Trump outperformed Harris in the Catholic vote by a decisive 15 points, according to a Washington Post exit poll.  

“I will be honest: I believe that misogyny—conscious or not—motivated the silence and moral equivocation of many Catholic leaders, as well as the willingness of so many Catholics to disregard the common good in pursuit of political power. To the extent this is so, Catholic consciences are being malformed,” Bonnette wrote.    

She then underscored that this supposed misogyny in the Church goes back to the Church Fathers and even St. Thomas Aquinas, going so far as to argue that Aquinas and the Church Fathers were wrong.   

“We can see the roots of this misogyny in some of the statements of our church fathers. Augustine, for example, blamed Eve for the fall of humanity, noting that the serpent targeted her because women are more easily deceived (i.e., less rational) than men. Thomas Aquinas, centuries later, called women “defective men,” and though there is some debate about his use of the term, it is clear that he held women as being subject to men because of inferior intelligence and “defective” because of their anatomy,’” Bonnette said.  

Here, she cited Aquinas’s question 92 in the Summa Theologica, in which the saint reiterates the Church’s consistent teaching that women, as a result of the Fall, are to be subject to man. It’s worth noting that the Church has never condoned the hatred of women or taught that they don’t have dignity.   

In fact, St. Thomas, in that same section of the Summa, defends the dignity of women by answering objections to their being created in the first place.  

Bonnette then argued that the Church is “sexist” because women aren’t allowed to be ordained to the priesthood, and thus it lacks female leadership.   

“In ‘Inter Insigniores,’ a pronouncement from the Congregation for the Doctrine of the Faith in 1976, we read that women cannot be priests because ‘in such a case it would be difficult to see in the minister the image of Christ.’”   

“Absent female authority in the church, and given this theological throughline, it is not surprising that female authority is so often feared or despised and that many Catholic men (and women) consider it demeaning to follow the lead of a woman,” she wrote.  
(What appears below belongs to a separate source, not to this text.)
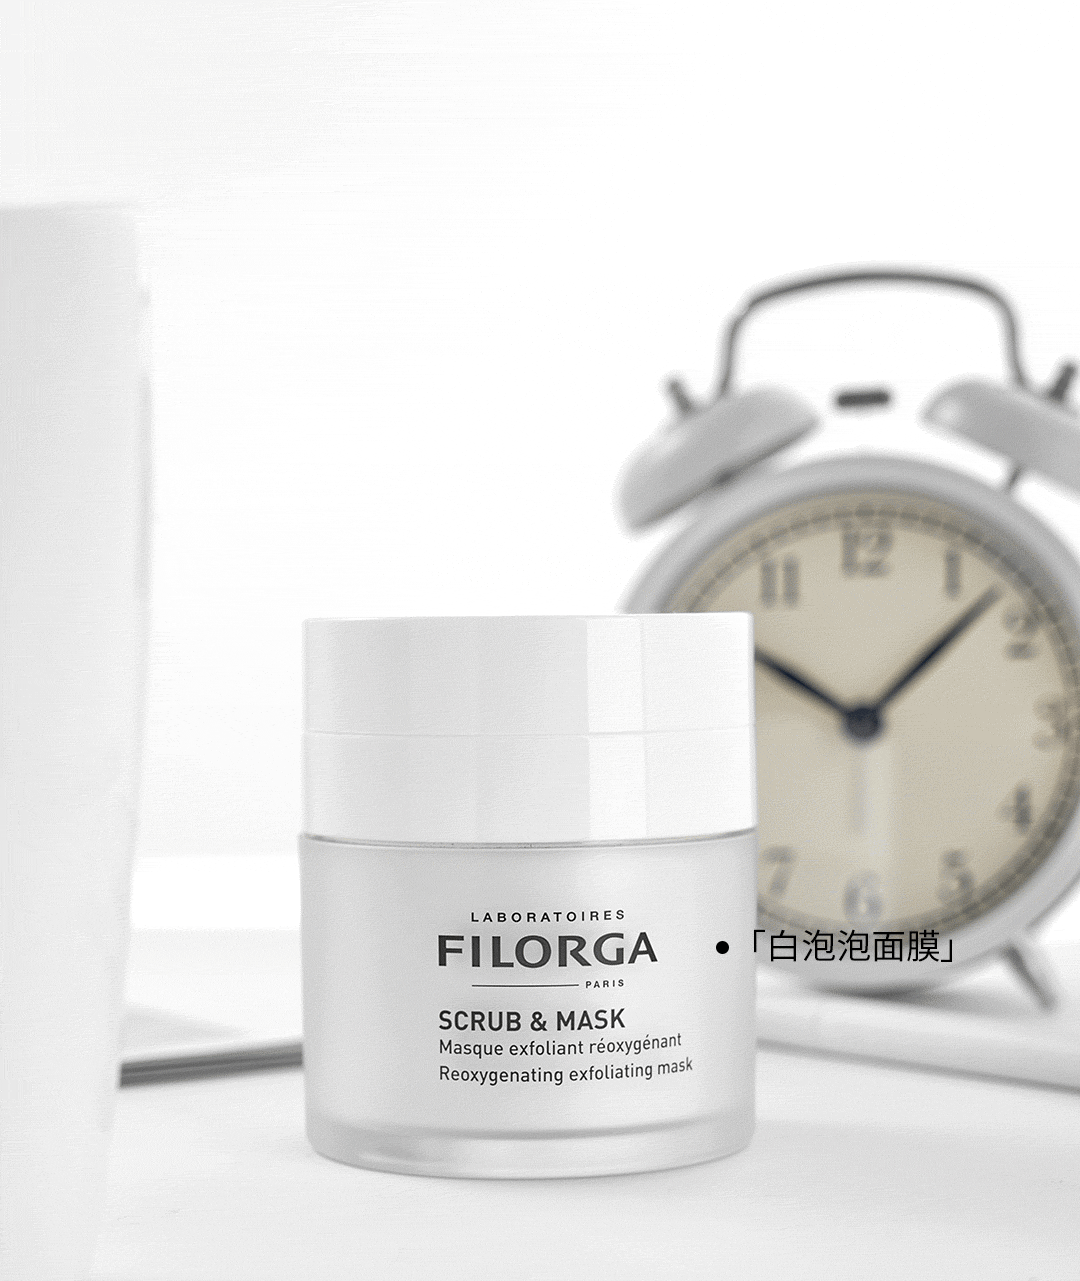 Filorga 菲洛嘉 白泡泡面膜 深层清洁 清除老废角质、补水、焕亮

The papal document Bonnette cites, Inter Insigniores, reaffirmed the Church’s constant teaching that holy orders are reserved for men. Here, Bonnette again argues that the Church is in error.    

While Bonnette blames “misogyny” for Trump winning the Catholic vote, the more plausible explanation is that the current VP opted to run an anti-Catholic campaign centered on abortion.

Over the course of her campaign, Harris vowed to sign a bill to legalize abortion nationwide, said she wouldn’t allow religious exemptions for abortion and even invited abortionists to take center stage during a campaign rally.   

In her concession speech, Harris underscored how, despite her election loss, she would continue to fight for women’s “right” to abortion. Bonnette praised this speech in her article, stressing that it moved her to tears.  

“I didn’t cry until Vice President Kamala Harris turned from the podium where she offered her concession speech and began to walk away—steady in her stilettos, head held high. Her speech exuded the fruit of the Spirit: love, joy, peace, patience, kindness, goodness, faithfulness, gentleness and self-control,” Bonnette wrote.   

In addition to her radical pro-abortion platform, Harris’s campaign held a strong anti-Catholic prejudice. She notably skipped the Al Smith dinner and instead made a short video addressing the event, which drew no laughter from the attendees and was roasted for being “disrespectful.” The VP also kicked students out of a rally after they shouted, “Christ is King!” and “Jesus is Lord!” responding, “Oh, you guys are at the wrong rally.”